### [SOURCE DATA]
===============
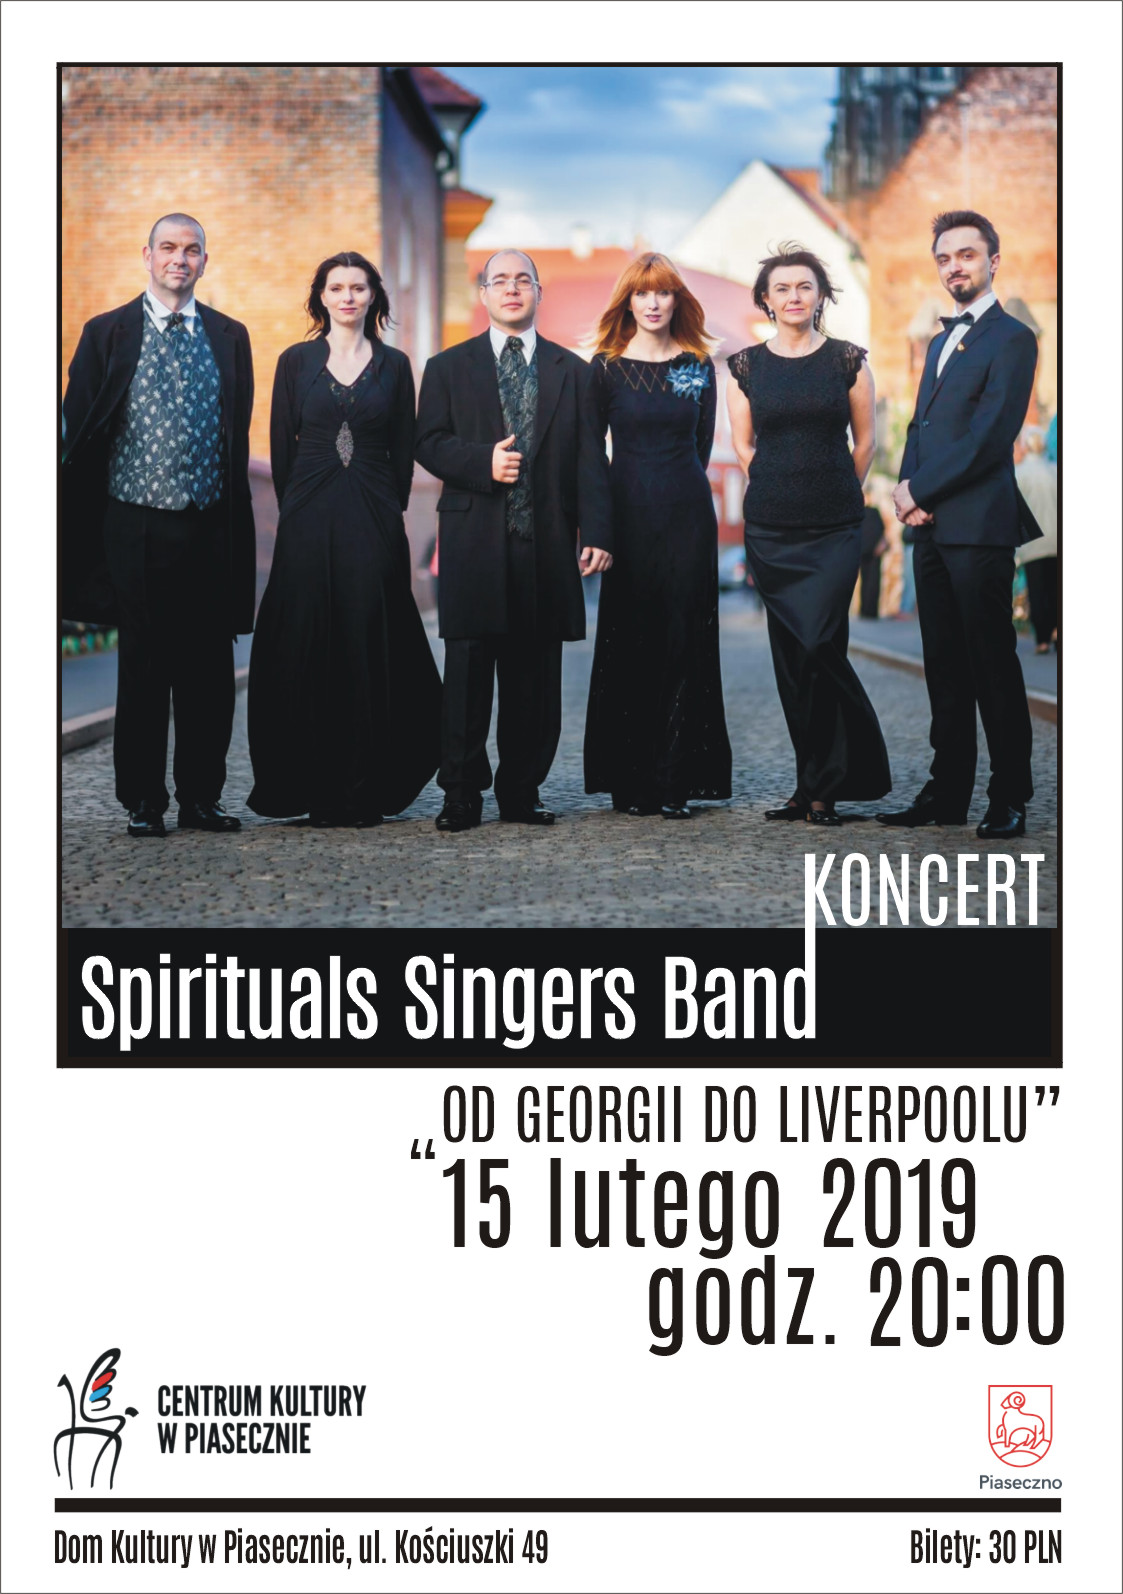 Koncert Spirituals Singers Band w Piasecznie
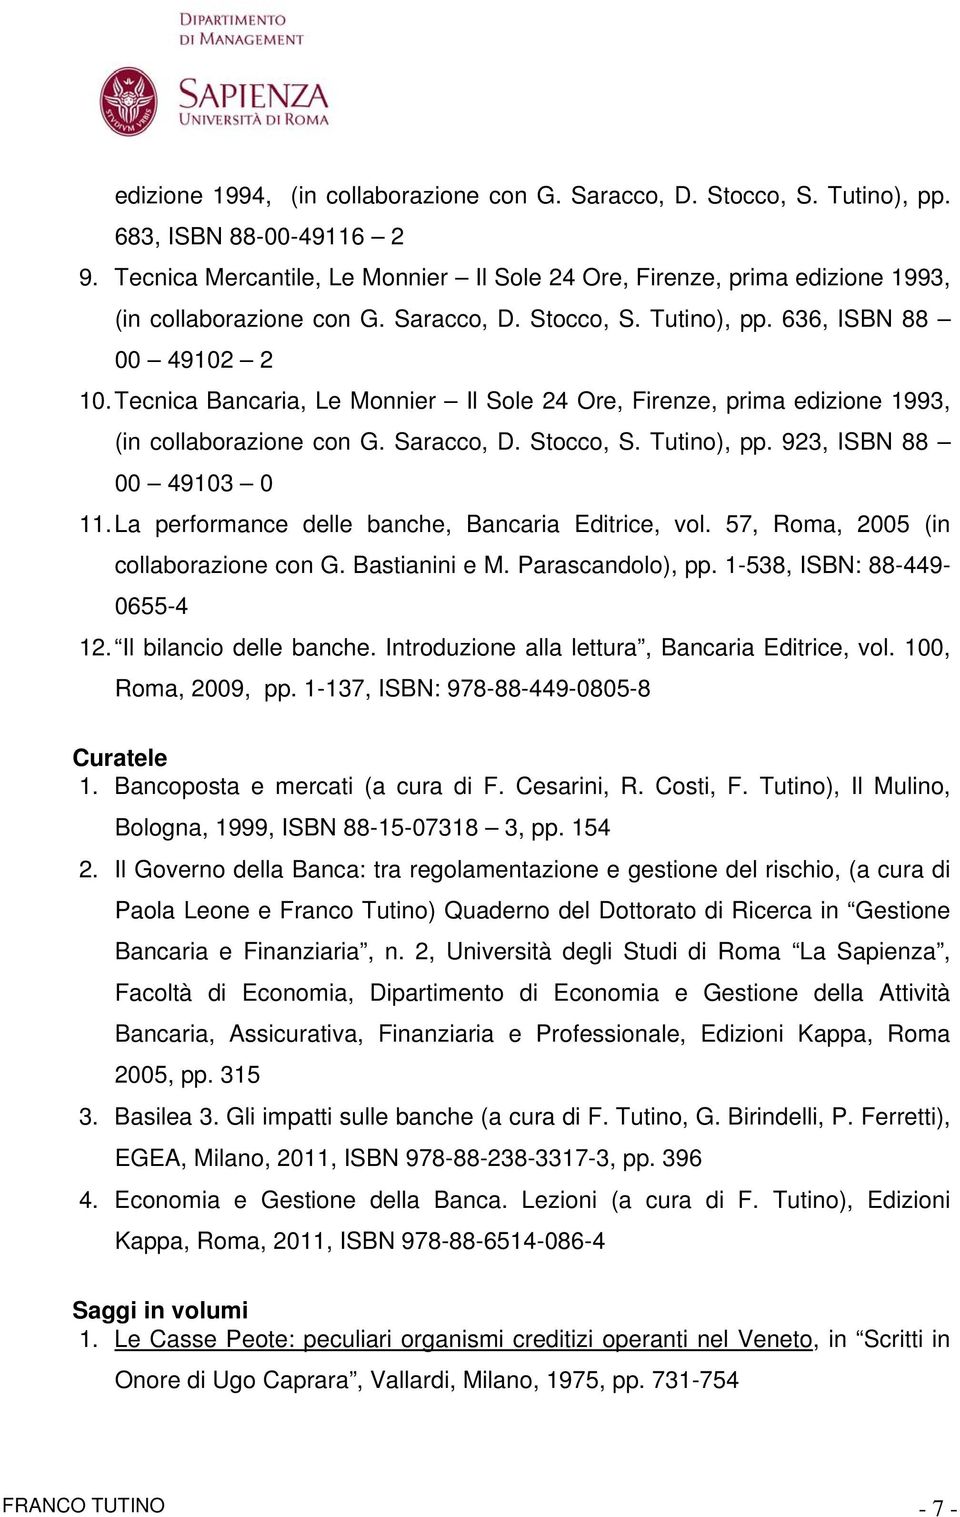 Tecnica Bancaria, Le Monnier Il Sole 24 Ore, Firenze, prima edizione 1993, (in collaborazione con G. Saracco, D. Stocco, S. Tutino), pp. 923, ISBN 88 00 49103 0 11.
===============
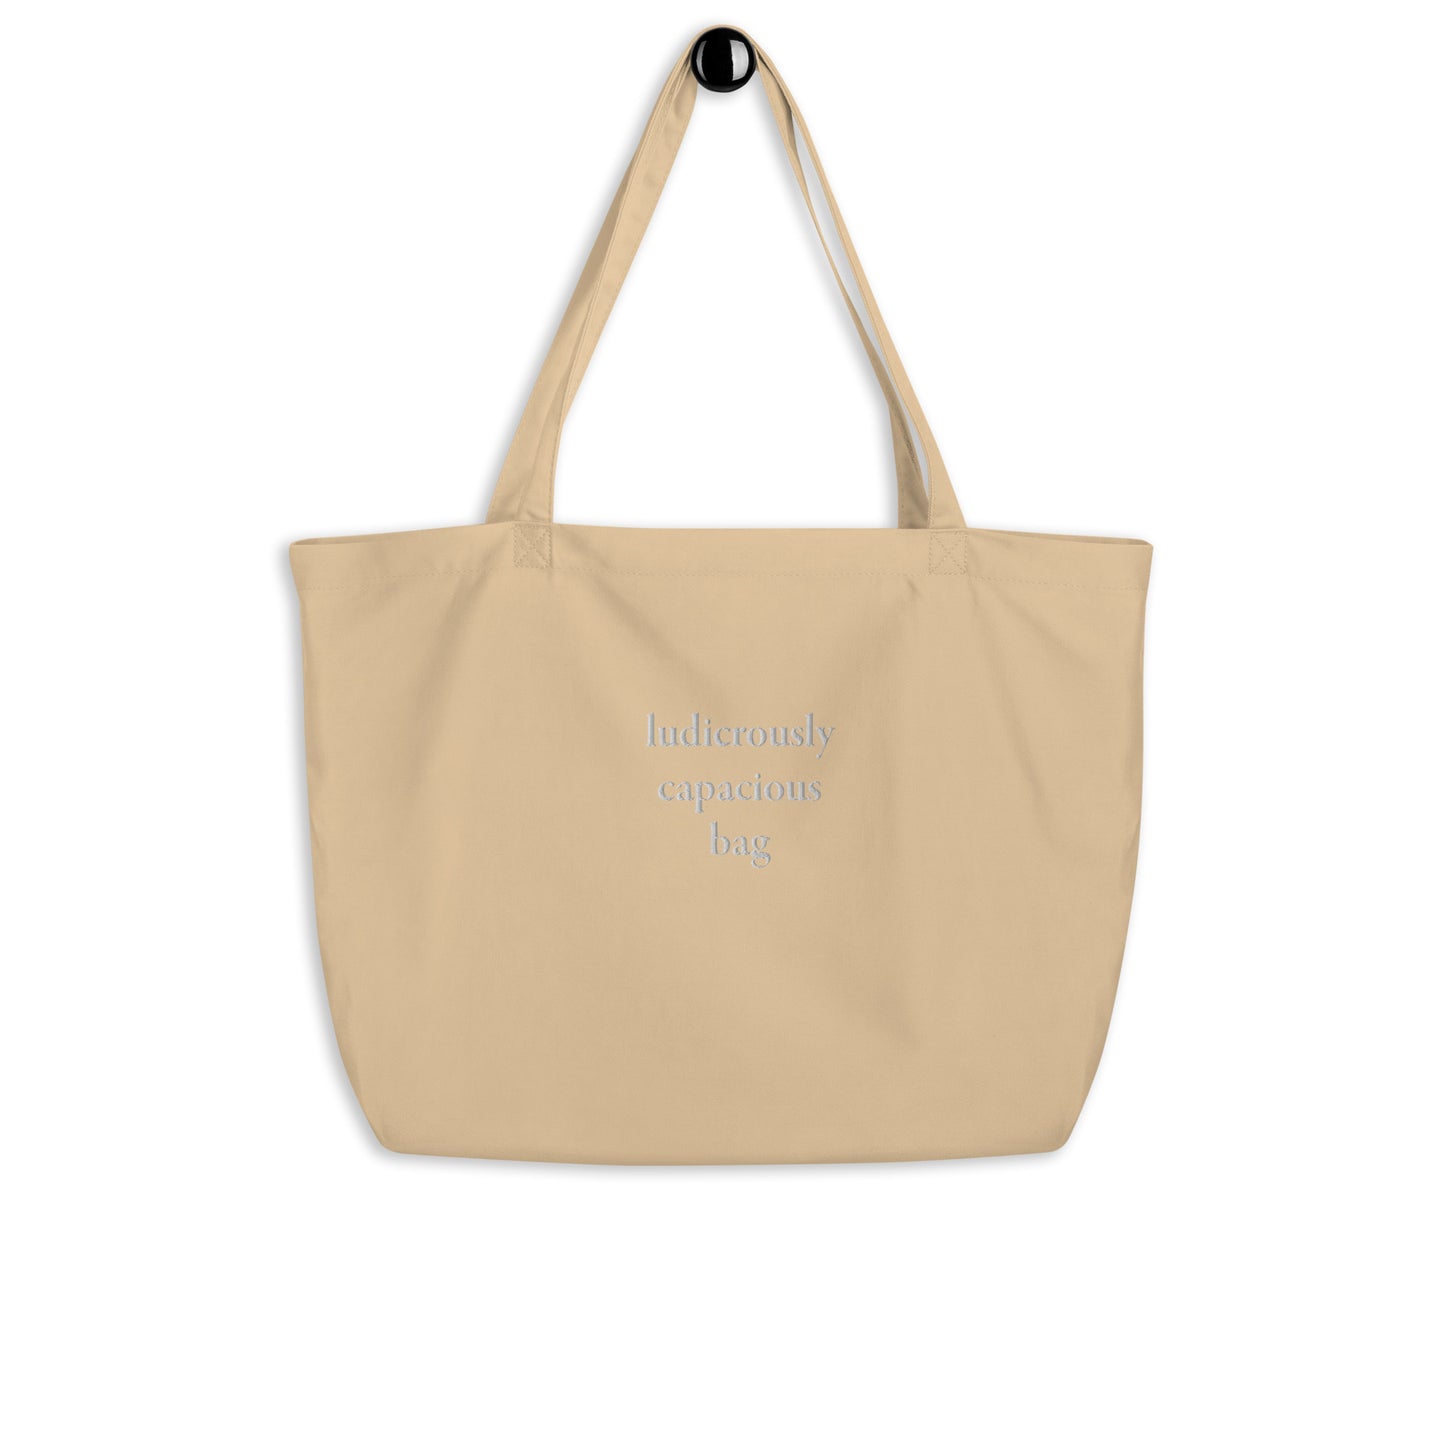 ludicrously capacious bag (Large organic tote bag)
===============
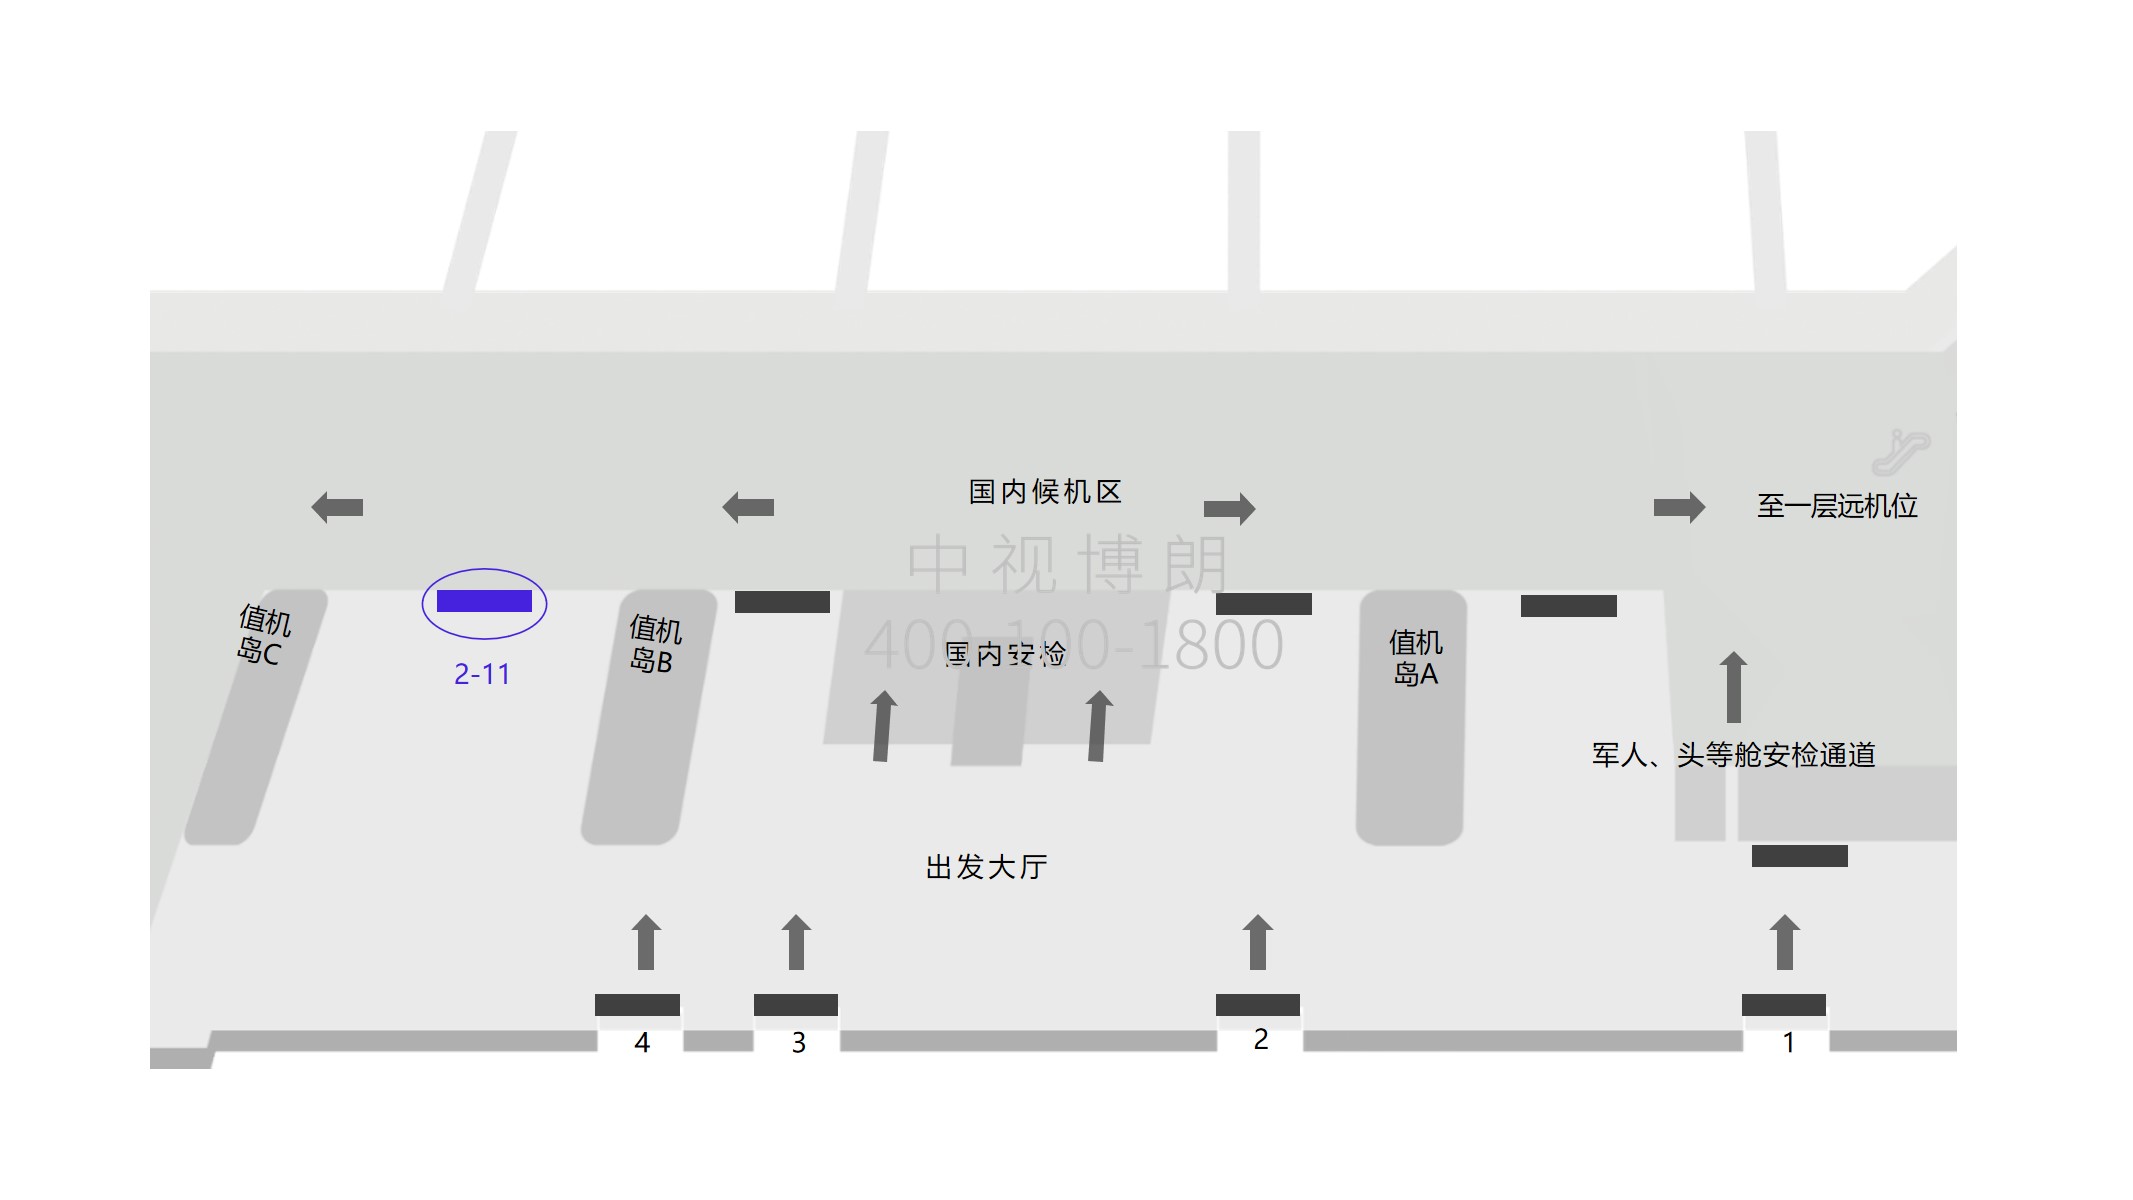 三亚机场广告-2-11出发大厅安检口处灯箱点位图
===============
### [WORK ITEM]
The lines to copy exactly start with the line above that has "Koncert Spirituals Singers Band w Piasecznie" and go on through the line that has "Tecnica Bancaria, Le"; please include both, add nothing else, and omit the pictures.

### [YOUR SOLUTION]
 Koncert Spirituals Singers Band w Piasecznie
 Tecnica Bancaria, Le Monnier Il Sole 24 Ore, Firenze, prima edizione 1993, (in collaborazione con G. Saracco, D. Stocco, S. Tutino), pp. 923, ISBN 88 00 49103 0 11.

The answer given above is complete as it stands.